As you could tell by today's blockbuster trade activity -- the Flyers trading Mike Richards to the L.A. Kings for Brayden Schenn and Wayne Simmonds (per TSN) and the Flyers trading Jeff Carter to Columbus for Jakub Voracek trade, the No. 8 pick and a 3rd-round pick, the NHL draft is a time where huge trades often happen.
 
But the shaggy-haired Burns (still has an ongoing bet with Nick Schultz as to who can go the longest without a haircut), who looks to be in extraordinary shape as he's in the midst of an offseason of heavy bike-riding, says he isn't freaking out.
He wants to stay in Minnesota, but if it's not meant to be, he's confident he can move on and be a "very good defenseman."
 
GM Chuck Fletcher has had preliminary talks with Burns' agents, Ron Salcer and Tobin Wright, if for no other reason than to find out Burns' contract demands in advance of the draft.
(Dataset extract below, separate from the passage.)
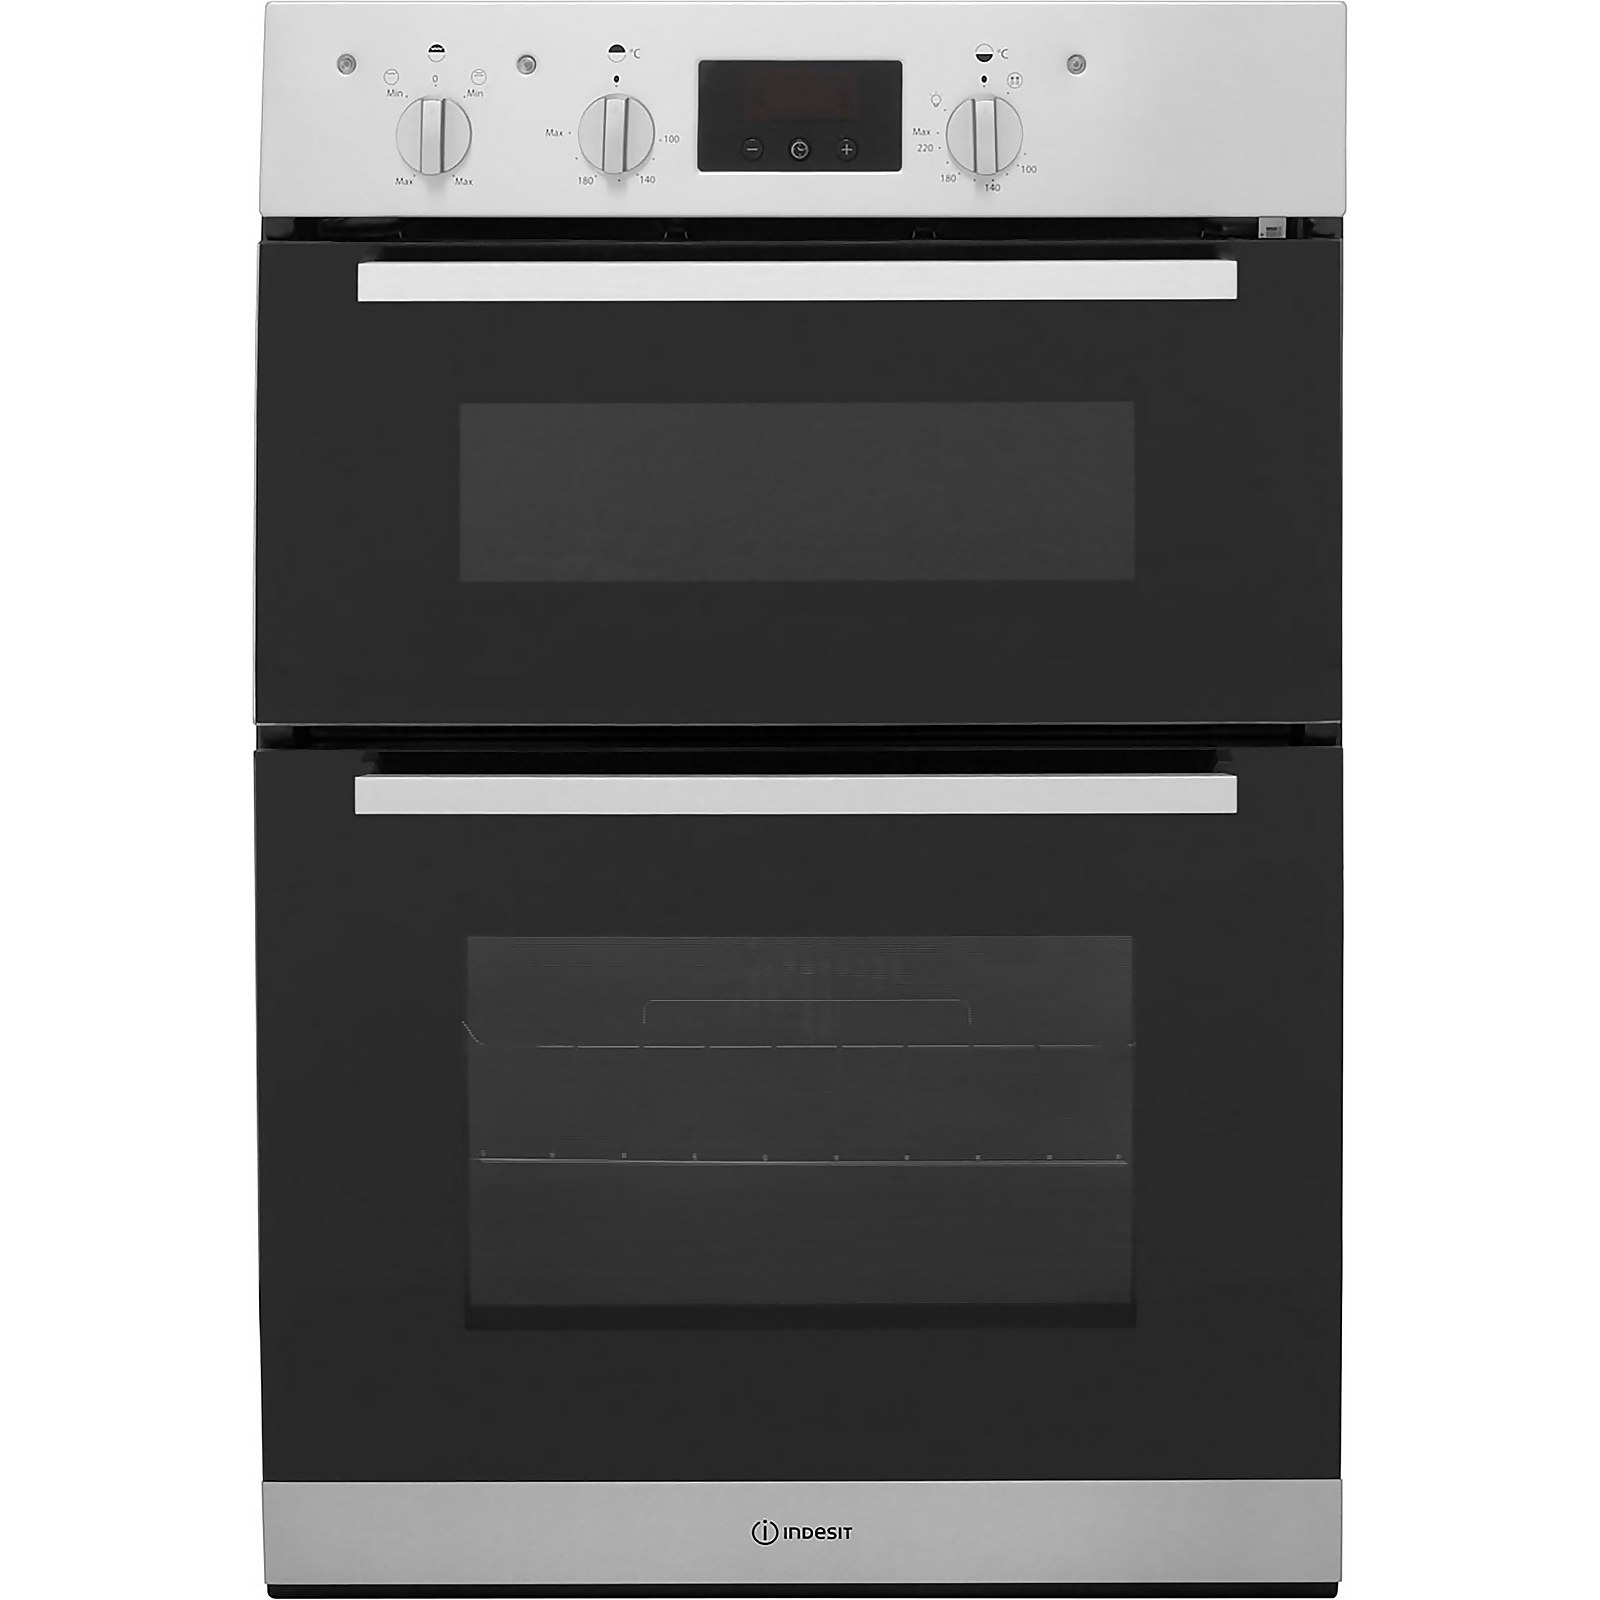 Photo of Indesit Aria Idd6340ix Built In Electric Double Oven - Stainless Steel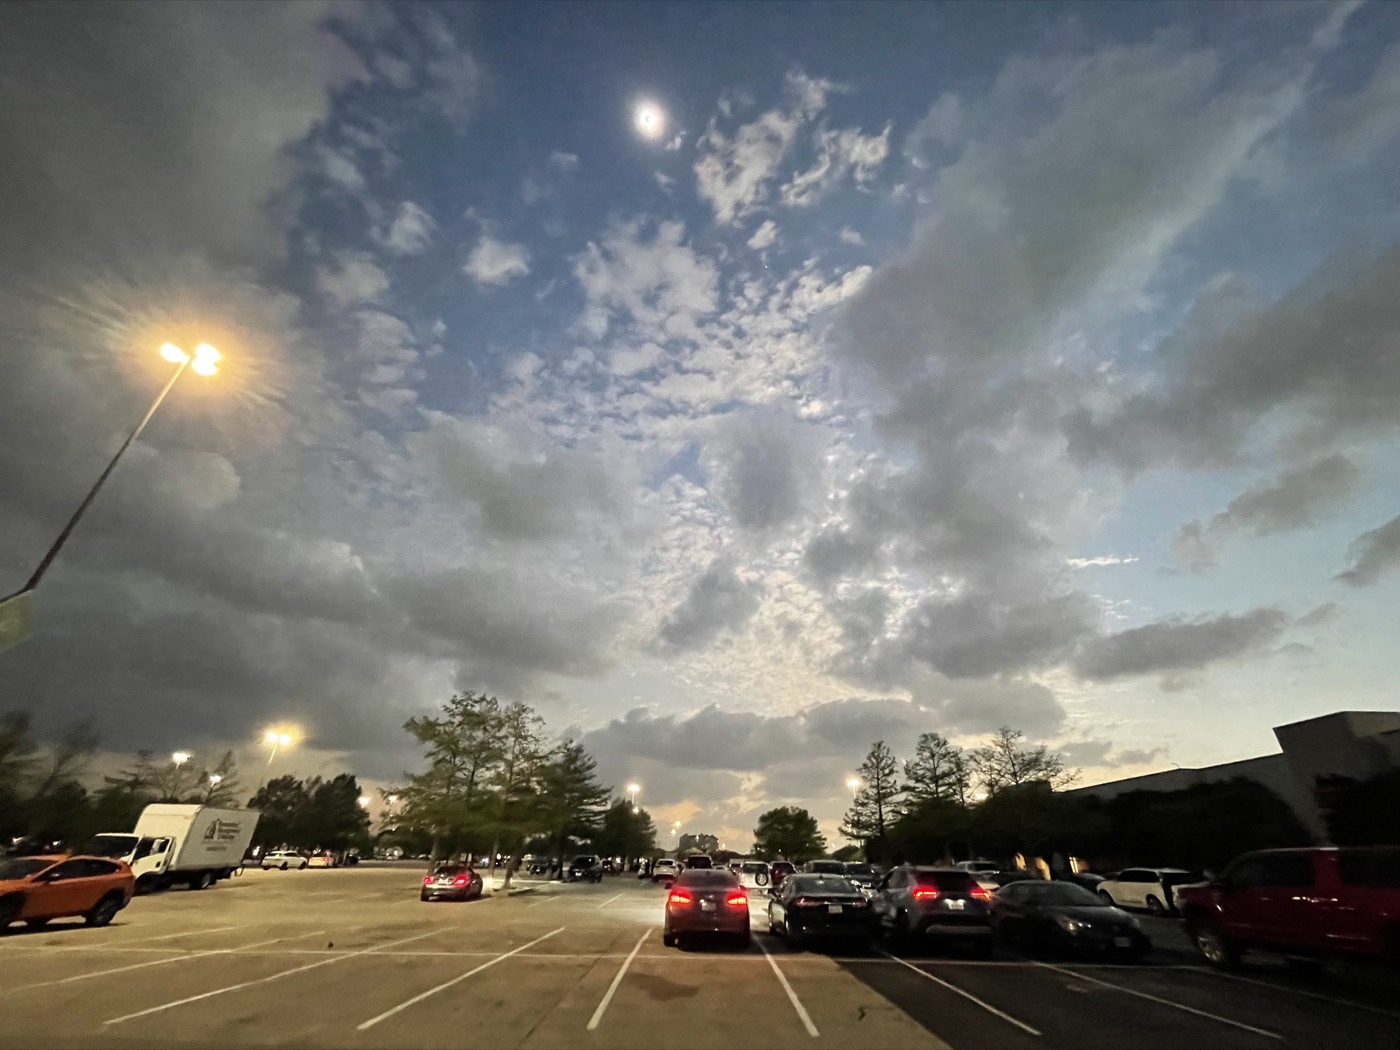 A wide-angle shot of the parking lot we were in during totality.

Burns says he has no status report as to where those discussions are.
 
Here's Burns' thoughts on his future:
 
--"I've got one more year left with Minnesota, and I think I’m going to build on my year last year, I think I’m in good shape already and I’m going to have a great year and I believe that. The business side of it will take care of itself, wherever that may be. Obviously I hope to be here, but if something happens and I’m not, I’m confident I’m going to be a very good defenseman."
 
--"I’ve talked to Chuck a couple times. It’s been good. We’ve had a nice coffee the one time and we talked in his office, and it was good. I haven’t talked to him anything about contract stuff. I talked to him about my year, I’ve talked to him about next year, I’ve talked to him about things that I’m going through. I really feel that Chuck’s very honest. When I talk to him, I feel like I’m getting a lot of sincerity from him. I really like that relationship between a player and a general manager when you feel comfortable talking to him. and I do. I feel very comfortable. It’s good. I think it can only get better. I get a feeling when I talk to him that he speaks from the heart, he’s a very honest man, whether it’s talking about the year or talking about anything. It’s good a feeling you get when you talk to him. It’s a good relationship. I hope to build upon it, and we’ll see what happens. But the business side, I don’t really deal with that stuff."
 
Pins and needles? "No. I don’t have any reason to be on pins and needles. I’ve been here a long time, I love it here, I feel comfortable here, but I also feel very comfortable in my game and what I can bring and I know I’m going to get better and better every year. I think I made a lot of steps last year and I know I’m going to make a lot more steps next year. Wherever that may be – I hope it’s in Minnesota – but I know I’m going to be a big part of any team that I’m a part of. I feel confident that hopefully [a contract] gets done, and we’ll see.
 
"I’ve got a lot of friends outside of hockey, and sometimes they don’t really know that I don’t really like to hear that I’m going to get traded everyday. But that’s a part of the fun. Every day, ‘Ah, I heard on the radio you’re getting traded.’ I say, ‘Well, I have no control over it.’ They always want to know the inside track and most of the time you guys know more than I do because I try not to listen to that stuff because I have no control over it. I think as I’ve gotten older, the only thing I can control is how I feel, and emotionally, I’m in a lot better place that I know how good of a hockey player I can be – and am. Wherever that may, I think I’m going to be good."